Building a Successful Website for Your Business
What makes for a successful website?
A successful website is one that achieves your objectives.
If all you need is a catalogue website, where you put up some information about the company and some contact information, and you’re not looking to drive traffic once that’s built and properly optimized, and loading quickly, and you have your SSL certificates, etc., that’s a successful website.
If, on the other hand, your website is part of your business, part of your sales focus. If your objective is to generate organic traffic, then a successful website is one that ranks well. And by ranks well, I mean, page 1 of Google.
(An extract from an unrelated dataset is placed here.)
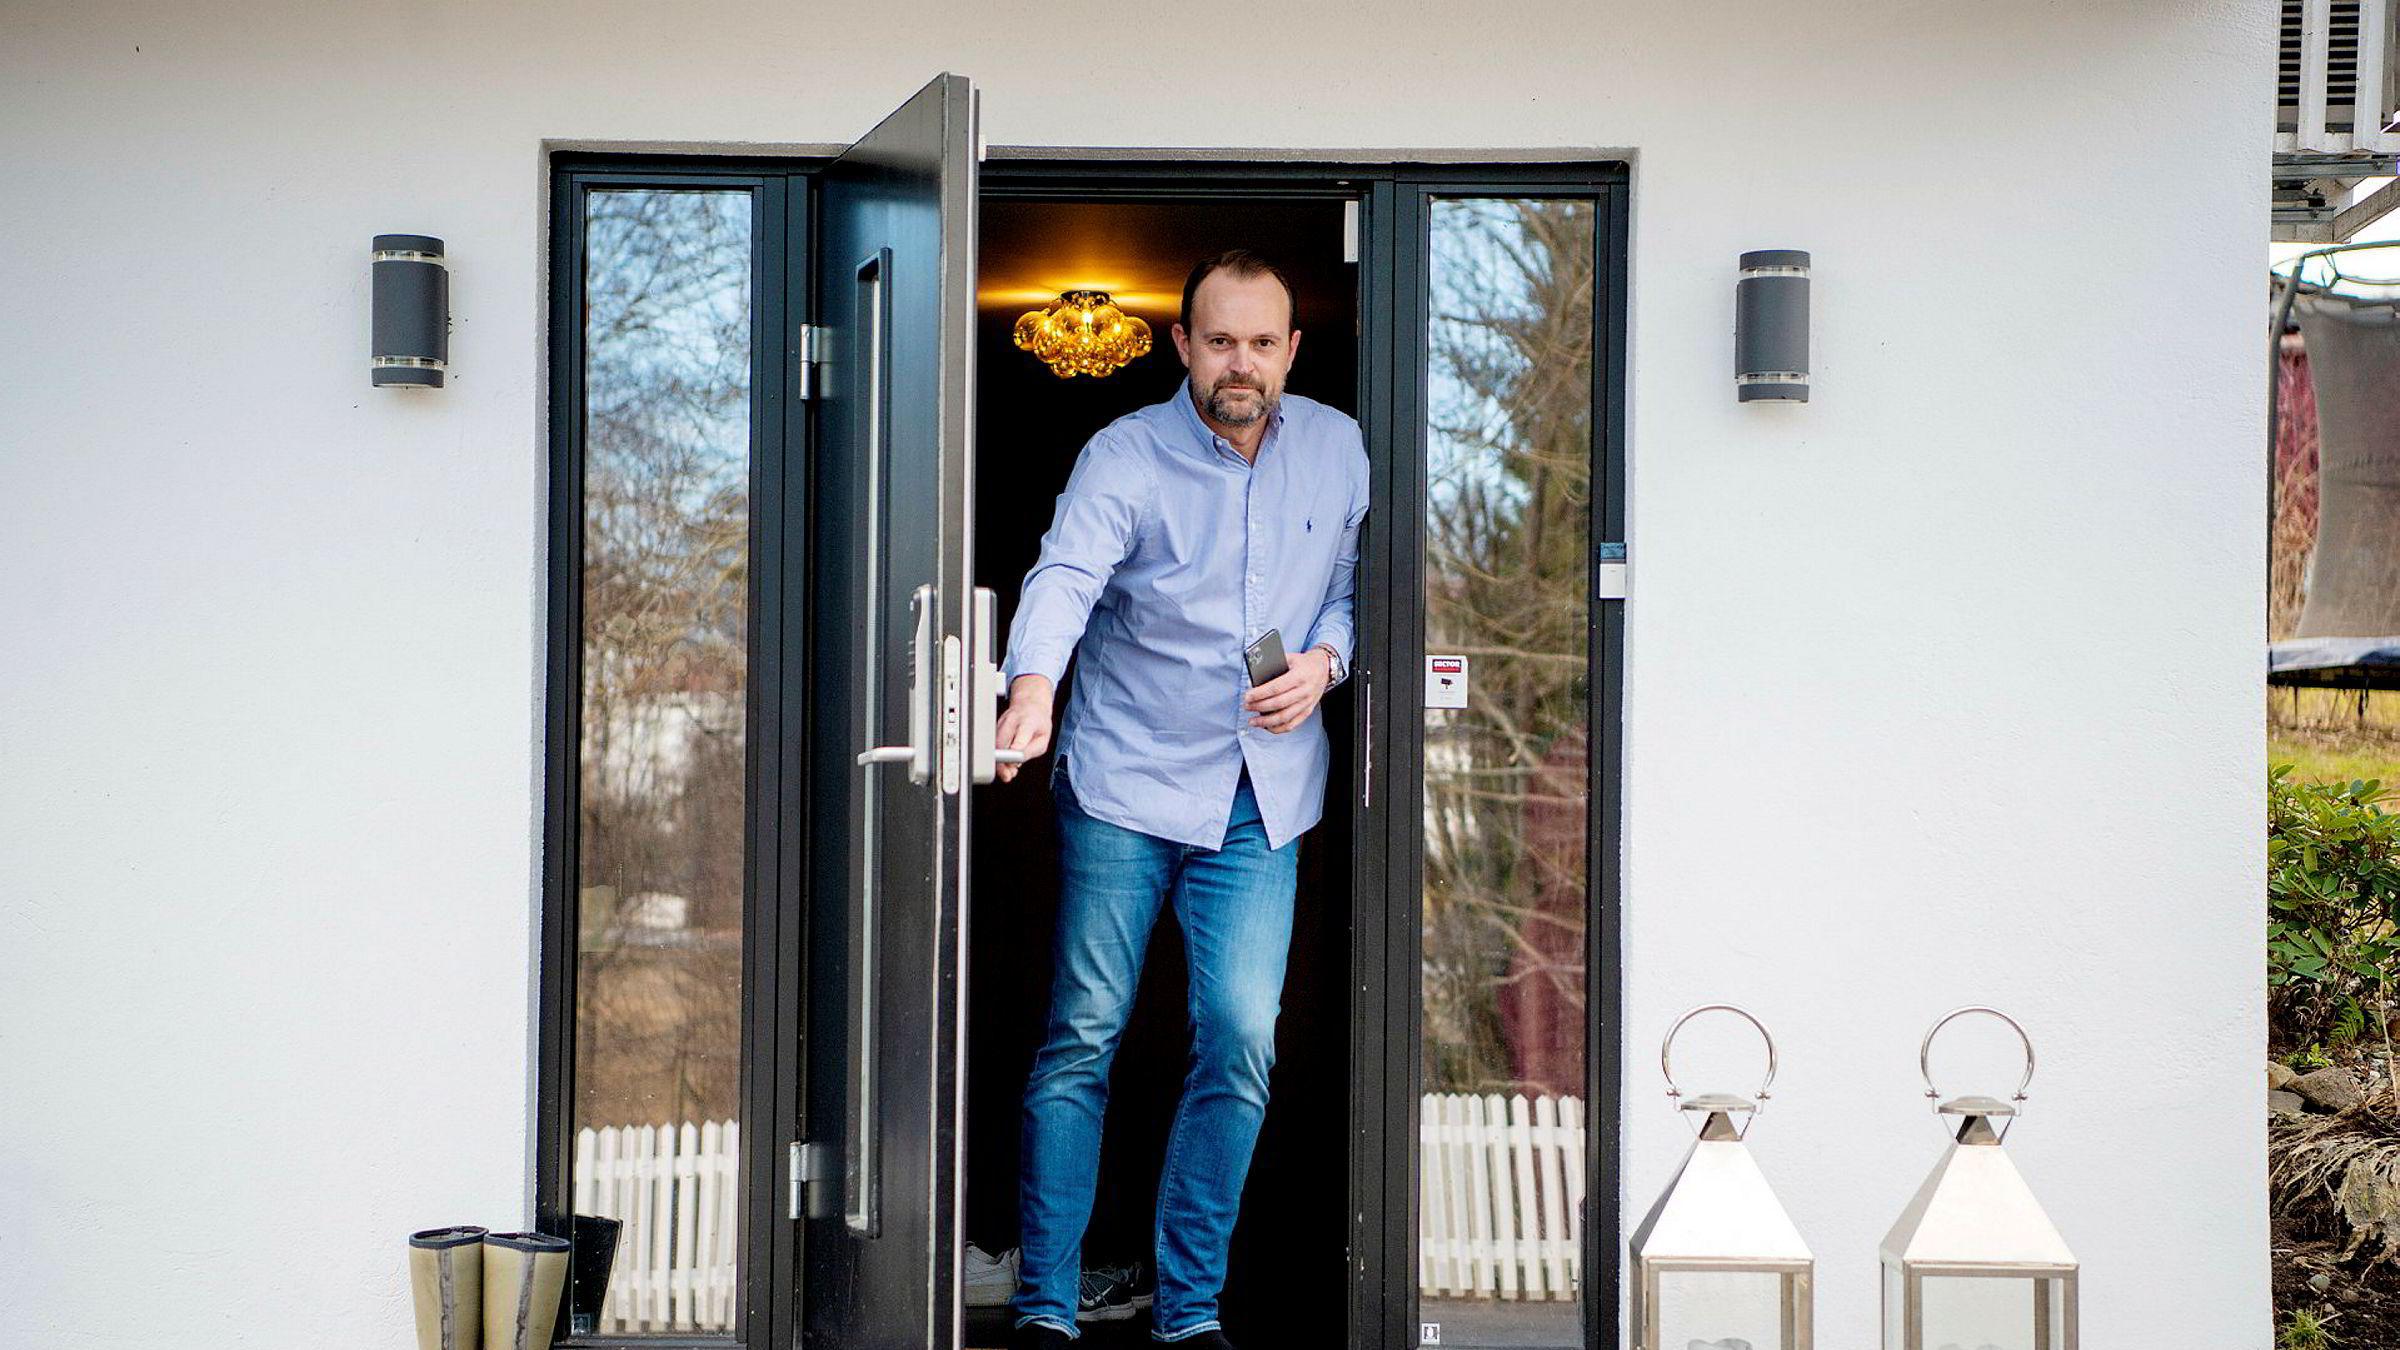 Partner og eiendomsmegler Anders Langtind i Privatmegleren Ullevål blir nedringt av urolige kunder, men opplever foreløpig ingen panikk: – Nei, ingenting ennå, og markedet blir jo reddet av den rentenedsettelsen, sier Langtind som for tiden er i hjemmekarantene i familieboligen.

For organic traffic, you need to rank highly on Google.
There are so many ads on Google now. There’s so much competition that if you’re not on page 1, 2, 3, for some of your pages. If you don’t have pages ranking on page 1 or 2, then you’re in trouble. Ninety-nine percent of traffic just won’t find you.
Now, of course you can pay for ads and you can do content on digital media, you can make videos, etc., and that’s great.
But for the website, in my mind, to be described as successful, I want to see that it is ranking on page 1, page 2 of Google — for a number of pages in important topics for that website, important keywords and search terms, that it’s continuing to add pages to that, that it’s continuing to distance itself from its competitors in terms of the number of successful pages that it has, and that’s an ongoing process that you have to work with.
Once you get a head start on your competitors, you can easily stay ahead.
Once you get to that — there are some case studies on the Laneways Software and Digital website — Once you get to that point, you’re making it virtually impossible for new entrants to the market or established competitors who haven’t bothered to do this so far to catch up with you.
You’ve got a head start on them, and in digital, there’s only a certain speed that you can move at. Once you’ve reached that optimal speed, you simply stay ahead of them even if they’re maintaining, even if they’re performing well. And if they’re not, you increase that gap and you end up, you know incredibly dominant in that space.
What is an example of successful website?
A great example is if you type in apple you’ll probably get Apple computers. The website is so well optimized now that when you search for apple it doesn’t bring up pictures of apples to eat or apple juice, it says, “Well, you probably want Apple technologies,” and that’s an incredible achievement.